Performance 2025 e quarto trimestre
Nel quarto trimestre Stratasys ha registrato 97,6 milioni di dollari di ricavi da prodotto, in calo rispetto ai 105,1 milioni dell’anno precedente. All’interno di questa voce, i sistemi hanno generato 37,8 milioni di dollari contro i 46,7 milioni dell’anno prima, segno di investimenti più prudenti da parte dei clienti su nuove macchine. I consumabili sono invece saliti a 59,8 milioni di dollari, +2,4% anno su anno, un indicatore importante dell’effettivo utilizzo dei sistemi installati. I servizi sono scesi a 42,4 milioni di dollari (45,3 milioni l’anno precedente), con il supporto clienti a 29,6 milioni contro 30,6 milioni, mostrando un indebolimento anche di quest’area.
Margini, cassa e impatto di tariffe e valute
Pur in presenza di ricavi più deboli, Stratasys ha beneficiato di misure di contenimento dei costi che hanno sostenuto alcuni indicatori di redditività. L’utile operativo rettificato del quarto trimestre è stato di 4,1 milioni di dollari, rispetto a 9,4 milioni l’anno precedente, mentre l’EBITDA rettificato è arrivato a 9,2 milioni di dollari, pari al 6,6% dei ricavi, contro 14,5 milioni di dollari (9,6%) dell’anno precedente. Su base annua, nonostante il calo di fatturato, l’azienda ha incrementato la redditività rettificata e migliorato la generazione di cassa, a conferma dell’effetto delle azioni di ottimizzazione organizzativa e di riduzione delle spese operative. Il management segnala però una pressione rilevante da parte di dazi doganali e movimenti valutari: per il 2026 questi fattori potrebbero avere un impatto negativo di circa 17 milioni di dollari rispetto al 2025, comprimendo ulteriormente i margini.
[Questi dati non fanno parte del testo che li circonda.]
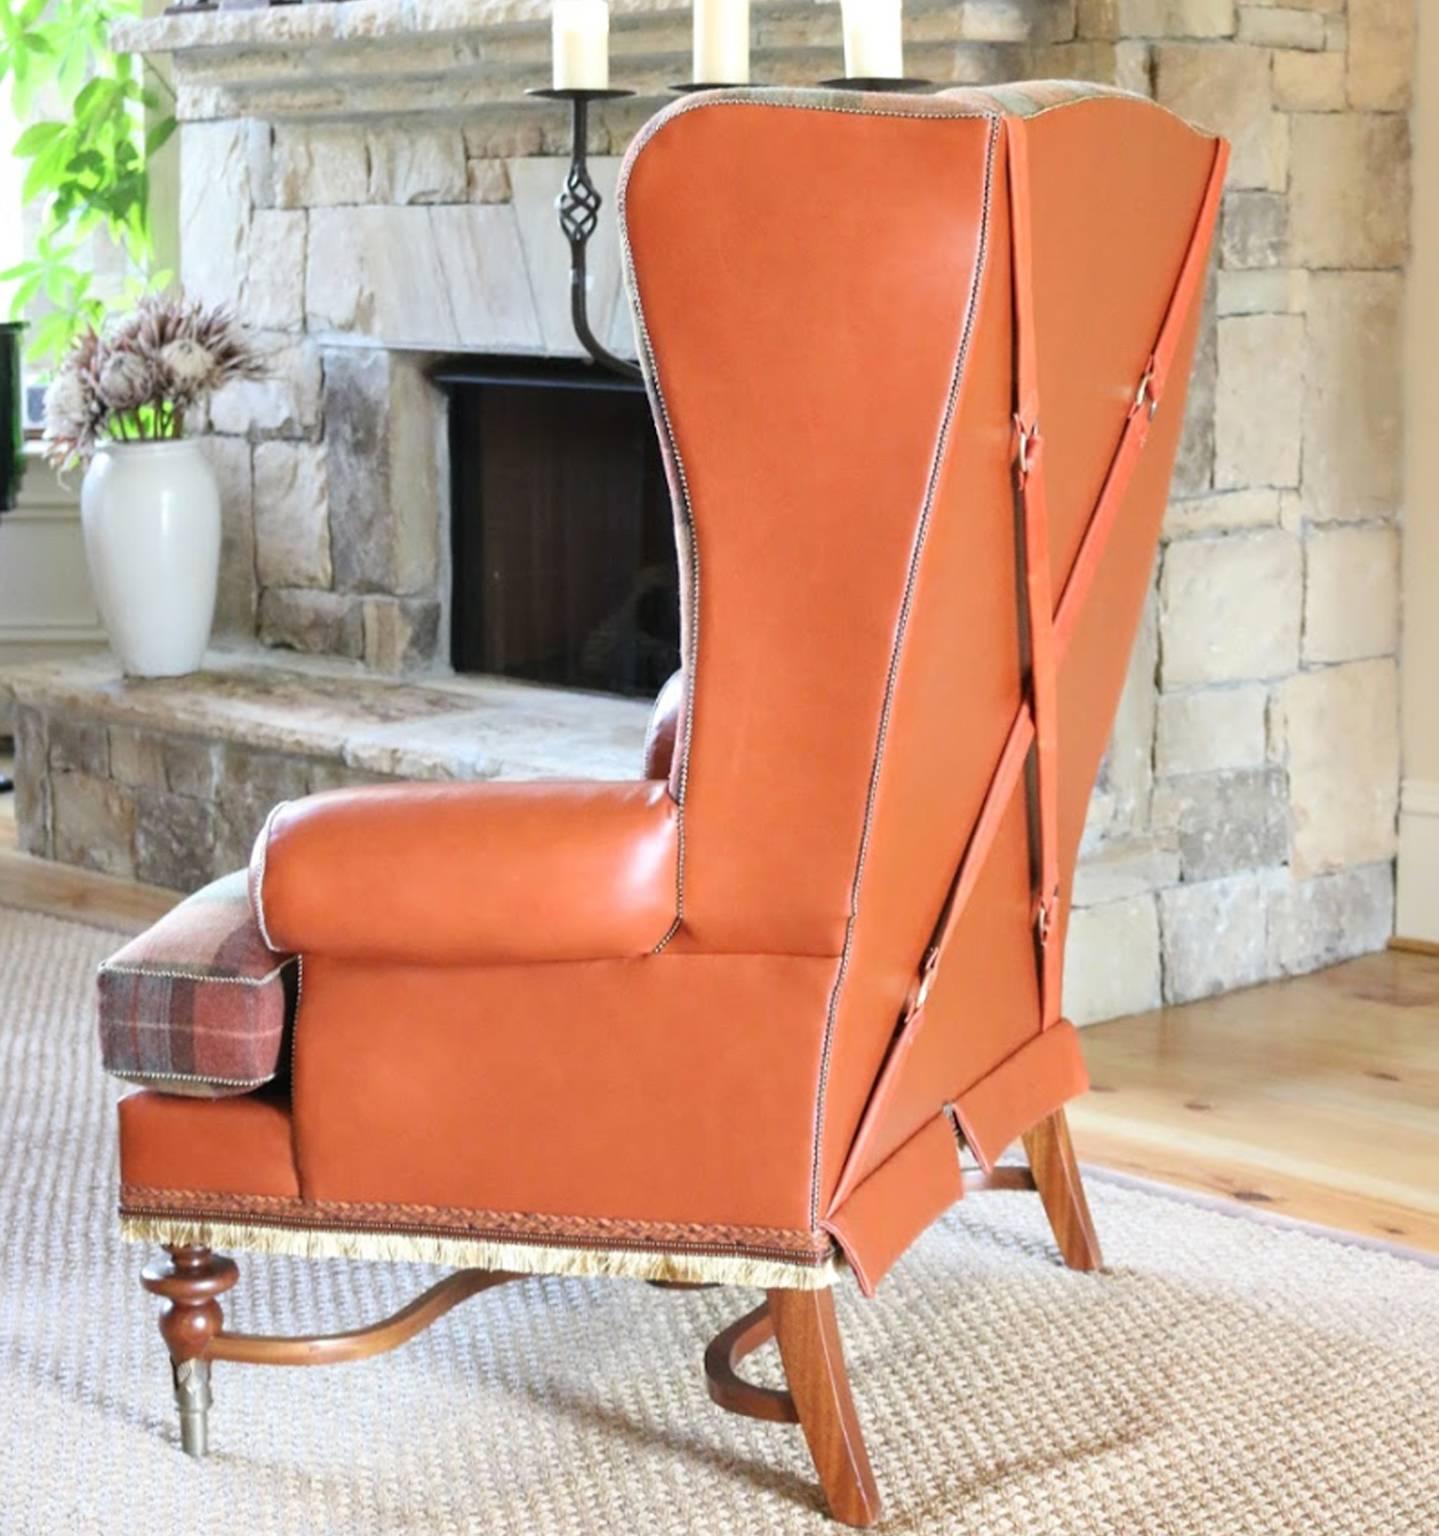 Our one of a kind Highland wing chair with its exposed wood carved legs and struts encased in bronze ferrules handcrafted in Providence, with wide, deeply cut regal wings. Tight back and loose cushion down seat. A contemporary twist on carved

Peso crescente delle applicazioni manifatturiere
Un elemento chiave sottolineato dal management è lo spostamento progressivo del mix di ricavi verso applicazioni di produzione. Nel 2025, le applicazioni manifatturiere hanno rappresentato il 37,5% del fatturato, contro il 36% del 2024 e poco più del 25% nel 2020, confermando il percorso di Stratasys oltre la sola prototipazione. Questo trend è importante perché l’obiettivo strategico dell’azienda (e di gran parte del settore AM) è consolidarsi nella produzione vera e propria, con volumi più stabili e processi industriali ripetitivi. Nonostante il contesto macroeconomico e il rallentamento degli investimenti in capitale, Stratasys vuole dimostrare agli investitori che la transizione verso l’uso produttivo delle sue tecnologie sta procedendo.
Guidance 2026 e confronto con il quadro di mercato
Per il 2026 Stratasys prevede ricavi compresi tra 565 e 575 milioni di dollari, prospettando un ritorno alla crescita con un miglioramento sequenziale trimestre dopo trimestre e una seconda metà dell’anno più forte della prima. L’azienda ha leggermente battuto le attese di Wall Street nell’ultimo trimestre, riportando ricavi e utili rettificati superiori alle stime, ma con vendite comunque in calo anno su anno e indicazioni prudenti per l’esercizio in corso. Il contesto riflette un mercato industriale della stampa 3D sotto pressione: i dati di CONTEXT mostrano cali a doppia cifra nelle spedizioni di sistemi industriali in più trimestri, con inflazione e tassi di interesse elevati che frenano le spese in conto capitale, mentre crescono le stampanti di livello base sotto i 2.500 dollari. In questo scenario Stratasys, focalizzata sui sistemi polimerici professionali e industriali, si trova a difendere margini e cassa attraverso tagli ai costi e razionalizzazioni, pur continuando a investire in sviluppo prodotto e in settori verticali come aerospazio, medicale e produzione su commessa.